Cette violence est systématique.
Garantir l’accès aux soins et augmenter l’aide humanitaire
Dans une région secouée par des décennies de conflits communautaires, l’insécurité permanente entrave les mouvements des populations et complique ceux des humanitaires. « Les gens ont peur de se rendre dans les centres de santé, qu’ils soient dans les villages ou dans des sites d’accueil. Ils vivent dans la brousse et nous avons dû mettre en place des cliniques mobiles pour pouvoir les atteindre », explique Benjamin Courlet, coordinateur terrain pour MSF à Bunia.
Les gens ont peur de se rendre dans les centres de santé. Nous avons dû mettre en place des cliniques mobiles pour les atteindre.
MSF exhorte les acteurs nationaux et internationaux à accroître leur présence en Ituri auprès des centaines de milliers de personnes réfugiées sur des sites où les standards humanitaires minimums sont loin d'être atteints, entre insalubrité et surpeuplement. Dans ce quotidien déjà fragile, accéder aux soins s’avère de plus en plus difficile. MSF tente de combler les besoins les plus urgents, mais la crise ne saurait être résorbée sans davantage de services, d’acteurs et de personnels de santé.
« Les priorités immédiates sont de fournir à ces personnes un accès à l’assistance médicale et améliorer leurs conditions de vie, résume Benjamin Courlet. La mise en œuvre des protocoles de prévention des épidémies ajoute encore un niveau de complexité, en particulier au vu de la menace de propagation du Covid-19 dans la région. »
Les besoins sont énormes et nous ne pouvons pas tout faire tout seul…

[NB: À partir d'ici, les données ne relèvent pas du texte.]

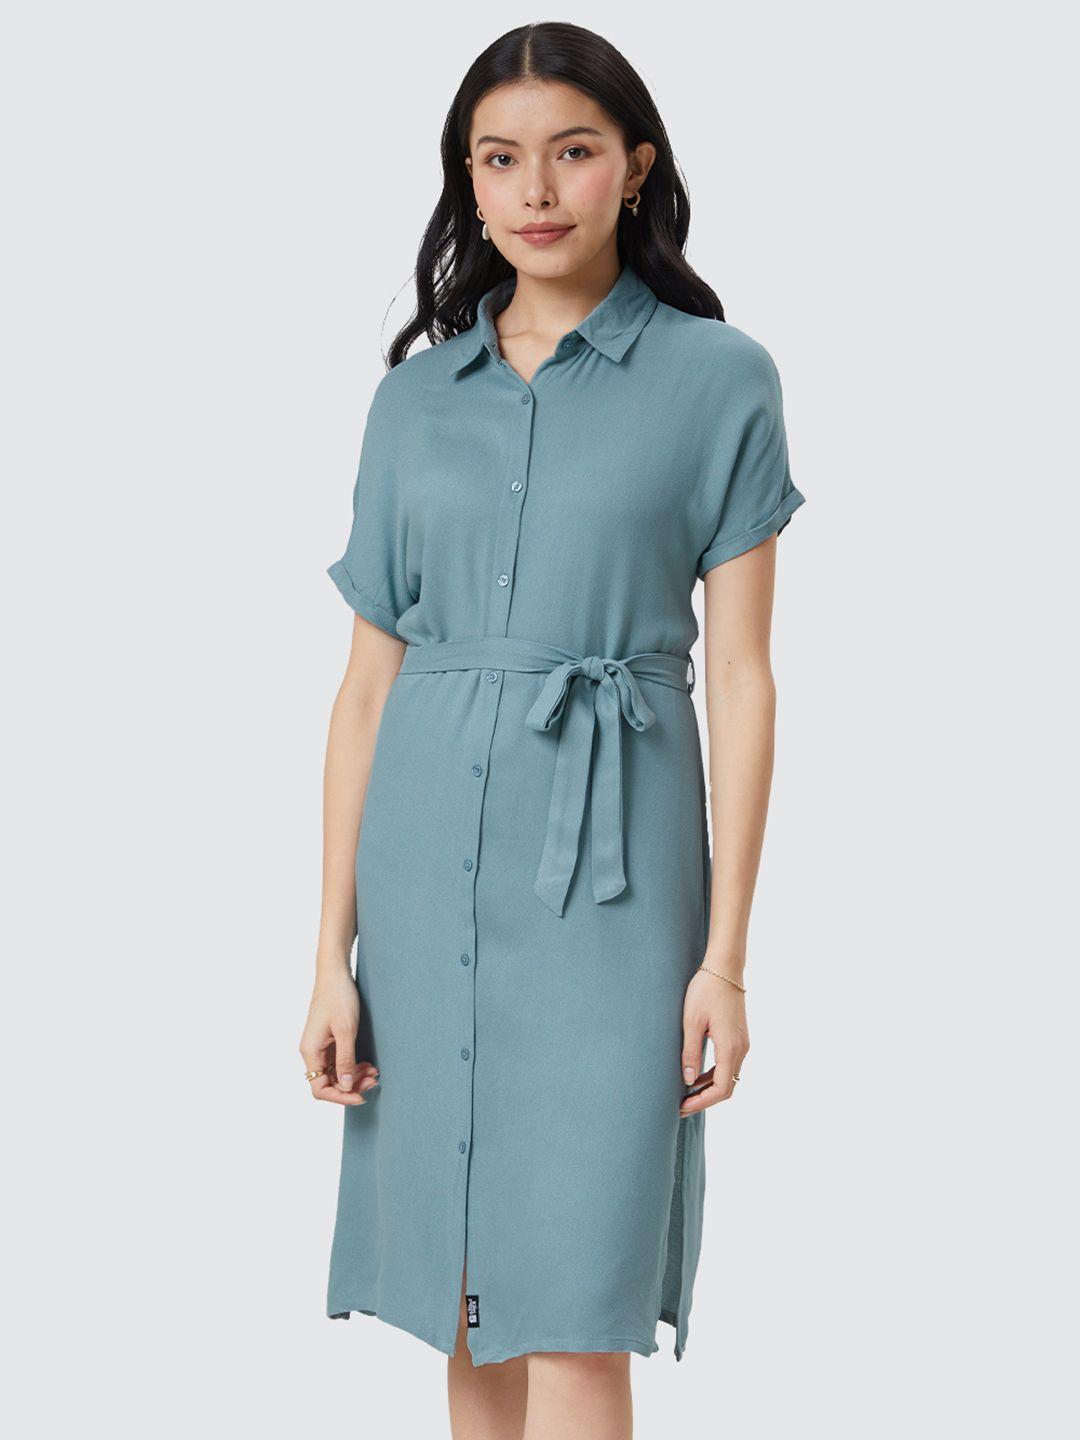 the-souled-store-grey-shirt-dress

MSF fournit une assistance médicale aux populations en Ituri depuis le début du conflit au début des années 2000. A la prise en charge des blessés de guerre s’ajoute le traitement des maladies endémiques les plus meurtrières de la région comme le paludisme, les maladies respiratoires infectieuses graves, la diarrhée et la rougeole. MSF assure une présence dans les hôpitaux généraux, les centres de santé et les centres de soins communautaires des sites de déplacés des régions de Nizi, Drodro et Angumu. MSF mène également des activités de promotion de la santé et d’installations d’eau potable et de dispositifs sanitaires ainsi que la distribution de produits non alimentaires dans de nombreux sites de déplacées.

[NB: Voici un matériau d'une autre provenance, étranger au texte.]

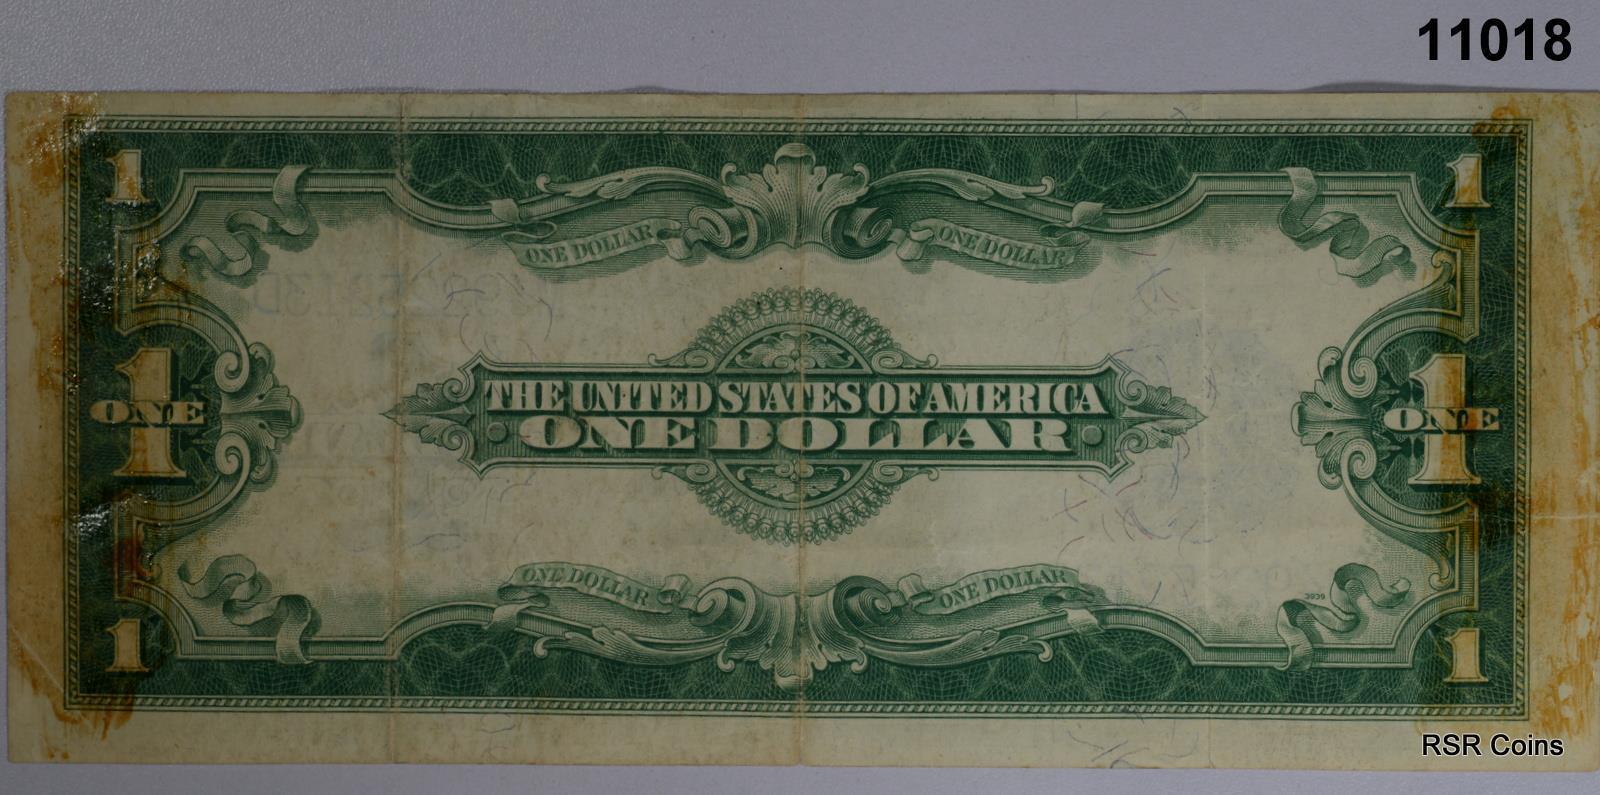 1923 $1 SILVER CERTIFICATE HORSE BLANKET REVERSE STAINS VF++! #11018

Dans le contexte difficile de la pandémie de Covid-19, la propagation de la maladie dans la province de l'Ituri risque de conduire à une catastrophe humanitaire. Les équipes MSF organisent des séances de sensibilisation aux communautés et construisent des salles d'isolement et de triage dans les hôpitaux généraux pour les cas potentiels.